A couple of weeks ago, while discussing the announcement of the Harvard / MIT edX initiative, I included a brief recap of what’s been happening over the last six months in the land of Massively Open Online Courses (MOOC’s), which began as follows:
Throughout the fall 2011 semester, a group of well-known Stanford professors had been running an unorthodox experiment by letting over 100,000 students around the world take their courses, online, for free. Those who did well got a certificate from the professor saying so.
Later than day, I received an email titled “error in your blog” from a person who works in communications for Stanford, which I’m reprinting with permission. The person said:
Students who did well did not receive a certificate. Neither Stanford nor the professors issued a certificate. All students who completed the courses received a letter from the professor saying that they had completed the course. And that’s it.
This is telling. I used the word “certificate” deliberately, because “letter” seemed inadequate. A letter is a vehicle for interpersonal correspondence, e.g. “Dear Mom, I am having fun at camp this summer, please send cookies,” or “Dear Sir, we regret to inform you that your manuscript does not meet our standards for publication.” A certificate is a document describing some kind of important characteristic of the bearer, as attested by the issuer. A college diploma is a kind of certificate, as is a teaching certificate issued by a state licensing board, as were the old-fashioned “letters of introduction” people once used to facilitate business and social interactions. As is, I would argue, the document that students received upon completing the Stanford MOOC in question. Here it is:
Looks like a certificate to me.
This shows the biggest weakness in Stanford’s engagement with the rapidly-developing world of highly-branded MOOC’s. By rights, Stanford should own this market. Winning the MOOC space will require a combination of investment capital, branded credibility in the marketplace, deep expertise in academics, and deep expertise in the formation and scaling of hugely popular online enterprises. There’s nowhere in the world with more of that stuff in one place than Stanford and the surrounding Silicon Valley environs.

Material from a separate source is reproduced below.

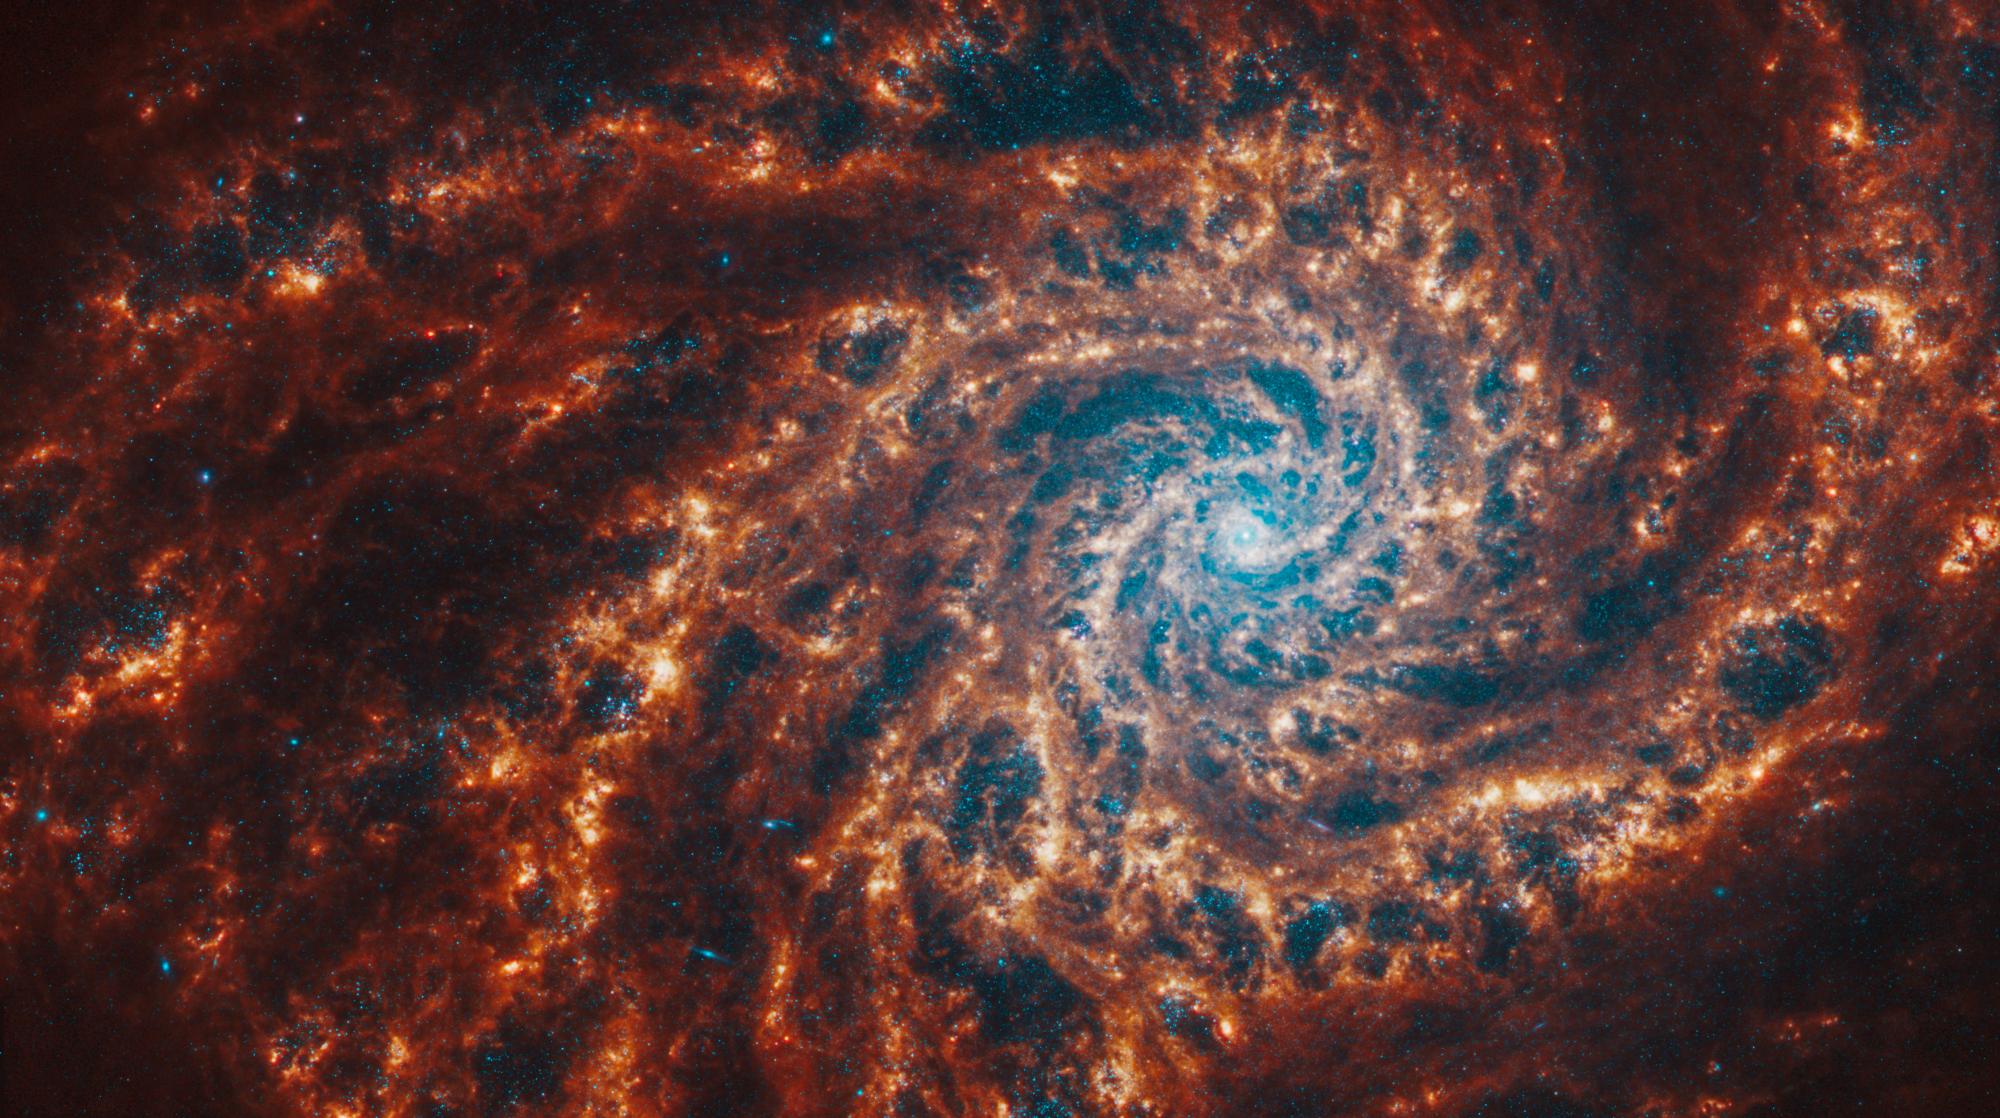 Imagen frontal capturada por el telescopio espacial Webb de la galaxia espiral NGC 4254, resaltando su estructura y detalles con una vista cercana y detallada.
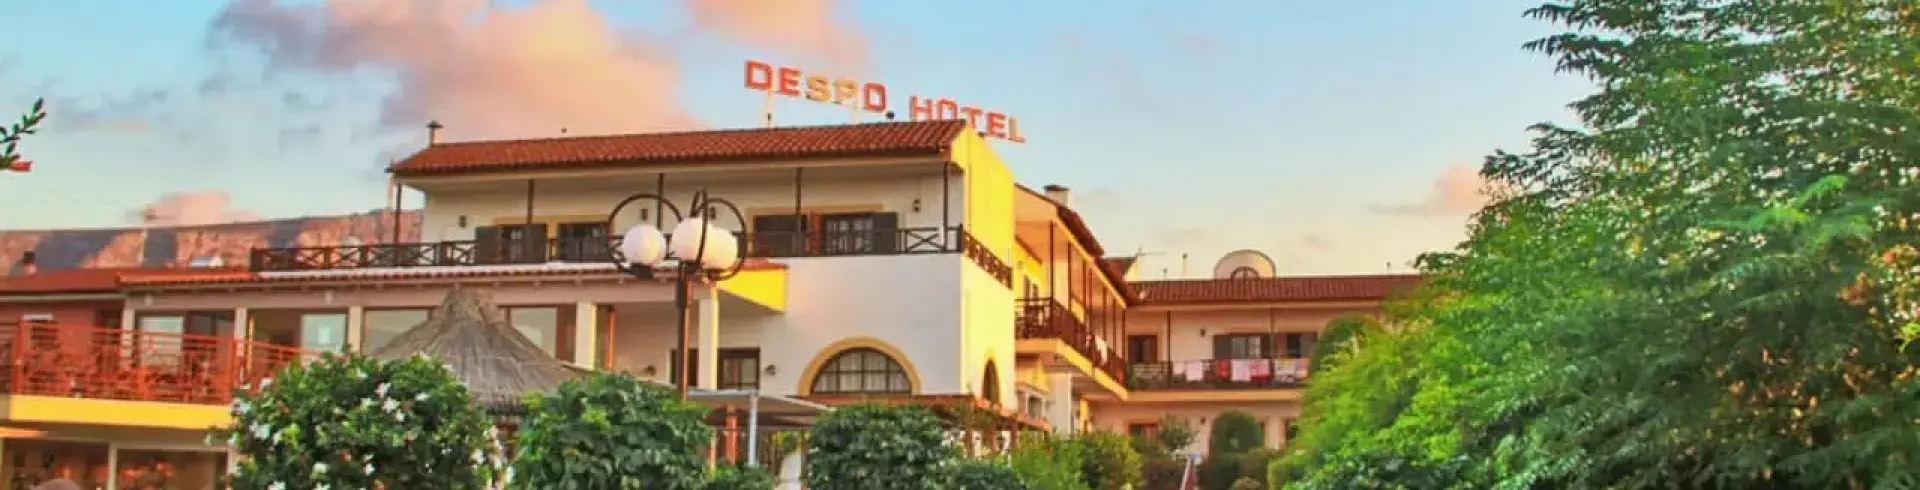 Despo Hotel

But unlike Harvard and MIT, Stanford has thus far been unwilling to lend its super-valuable brand name to some kind of certificate of learning. That will make a huge difference over time. People need more than learning; they need evidence of learning. Stanford’s current reflexive “Don’t say certificate!” attitude reflects the deep ambivalence of organizations that look at MOOC’s and see both immense opportunities to expand their mission and presence worldwide and huge risks to an exclusivity-driven success model that has served them well for the last century. Harvard and MIT have gotten over it. Stanford should, too.